Saturday, July 30, 2016

The Vault

 My summer job in 1974 was working at Bankers Trust in Columbia.  I had worked there during the summer of 1972 in the parking lot, but I got upgraded to an inside job in the vault, which was located in the basement of the bank..  My official title was "Assistant Vault Comptroller", but that just meant that I had to watch the vault when the Comptroller was away.  My duties were pretty mundane.  I rolled the coins with a machine that kept breaking down.  Twice a day, we had to balance the vault with the money inside.  Also, I had to open the vault for those folks needing to look at their safety deposit boxes, or those from the Trust Department needing to look at some stock certificates.  I also had to take money up to the tellers, or remove money from their drawers, if it got too much.  My last duty was to change the film in the cameras that watched the bank lobby.
 One thing about the vault was that there was no AC, and it got stuffy down there, so I took advantage of any opportunity to go upstairs and get some fresh air.  Another thing about the vault was that there was a lot of down time, so I read books and listened to a cassette player they allowed me to bring.  I was able to keep any weird coins I found like foreign money, as long as I replaced them with good coins.
 A cool thing about the work was that I got two hours off for lunch, because the bank was closed between 1 and 3.  There was a movie theatre nearby, and I would go to see the movies during lunch.  Most of the time, I would get in during the middle of the picture, so I would have to wait until the next showing to see the beginning of the movie to figure out what was going on. 
 I spent the first two weeks there trying to figure out how to rob the bank and get away with it.  Since the vault was audited twice a day, that meant that it would have to be done quickly.  I figured that 10 men with shotguns could do it, but then they would have to rush to the airport and get a flight out of the country.  Since Columbia didn't have any international flights, that would make it more difficult.  I gave up on that idea.
 Another job I had was to carry large checks from one bank to another.  The checks couldn't be cashed by just anybody, as most of them were State checks, but I often times would walk down the street with millions of dollars in my pocket, and no one knew.  I also became insensitive to money.  I once was walking down the street, when I saw $10 on the sidewalk.  I walked over it.  A guy next to me picked it up and asked why I didn't.  I told him that it wasn't my money.  That philosophy worked well later for me, when I worked in retail.
 As one of my jobs was changing the film, I had to do it in the dark in a closet.  This was before videotape, so the film was 8mm film, which could not be exposed to light.  I had a hard time doing this, so I would crack the door just a little to see.  By doing this, I exposed the film and ruined it.  I'm glad we weren't robbed during my tenure there, because the film would not have been much use.

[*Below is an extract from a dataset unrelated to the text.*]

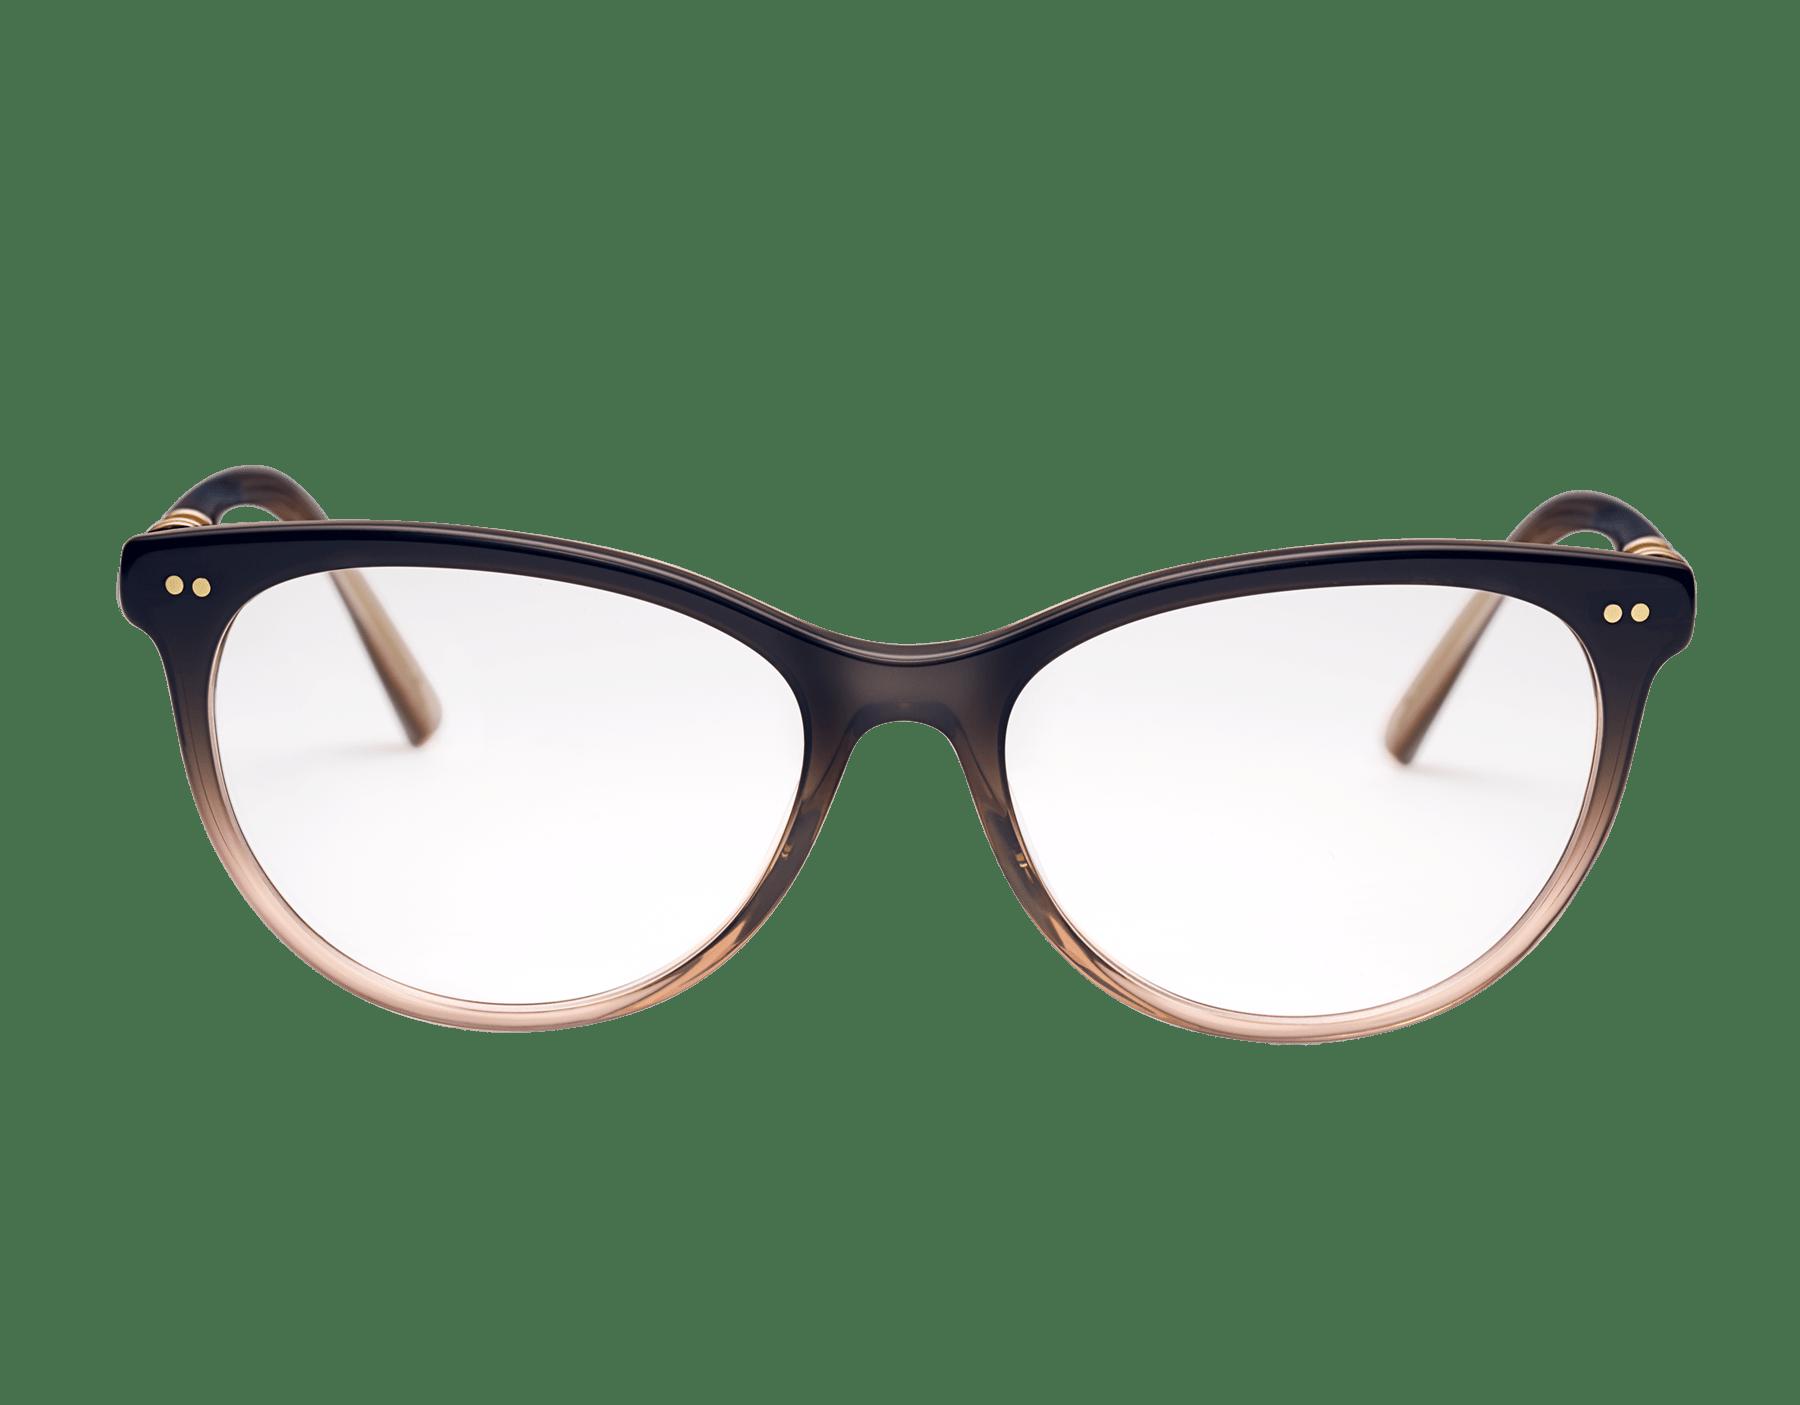 Bvlgari B.zero1 圓形貓眼醋酸纖維光學鏡架,飾以金屬元素。 903809 image 2

 Toward the end of the summer, we were moving our bank two blocks away to a larger building.  One of my duties was to prepare the files to move.  Wells Fargo came to take the files and stock certificates to the bank, and I was responsible for seeing they got to the truck.  It was only a few feet from the front door of the bank to the truck, but I had to make sure they got out okay.  Another joy I had was to haul a safe to the new bank.  The safe was only about 4 ft. tall, but it was made of steel and iron.  They gave me a hand truck to do this job.  When I got to the corner, I had to take a running start to be able to cross the street, and pray cars would stop.  Thankfully, they did.  It was very heavy.
 The offices were cleared out.  One man and I were charged with going through all of the offices and make sure everything had been taken.  We got to an office that had a phone still hooked up, so I decided to try a prank.  I had the phone number to The White House in Washington, and I called.  I told them that I was with Strom Thurmond's office in Columbia and wanted to get an appointment with the President (Ford).  I was transferred to several secretaries, until I got the Congressional Appointments secretary.  She asked me why Thurmond wanted an appointment with Ford, since the two of them were traveling that day together to Chicago.  I made up an excuse that the Columbia office can't coordinate Thurmond's schedule with his Washington office.  I didn't know that they were tracing the call.  I got scared and hung up.  A few mins. later, my co-worker came into the room I had been in, and the phone rang.  He picked it up and said, "This ain't Strom Thurmond's office.  This is a bank."  I was afraid I was going to get arrested, but I was thankful that was my last day working for the bank.  I never talked to the Secret Service about that.  I hope the statute of limitations has run out on prank calls to The White House.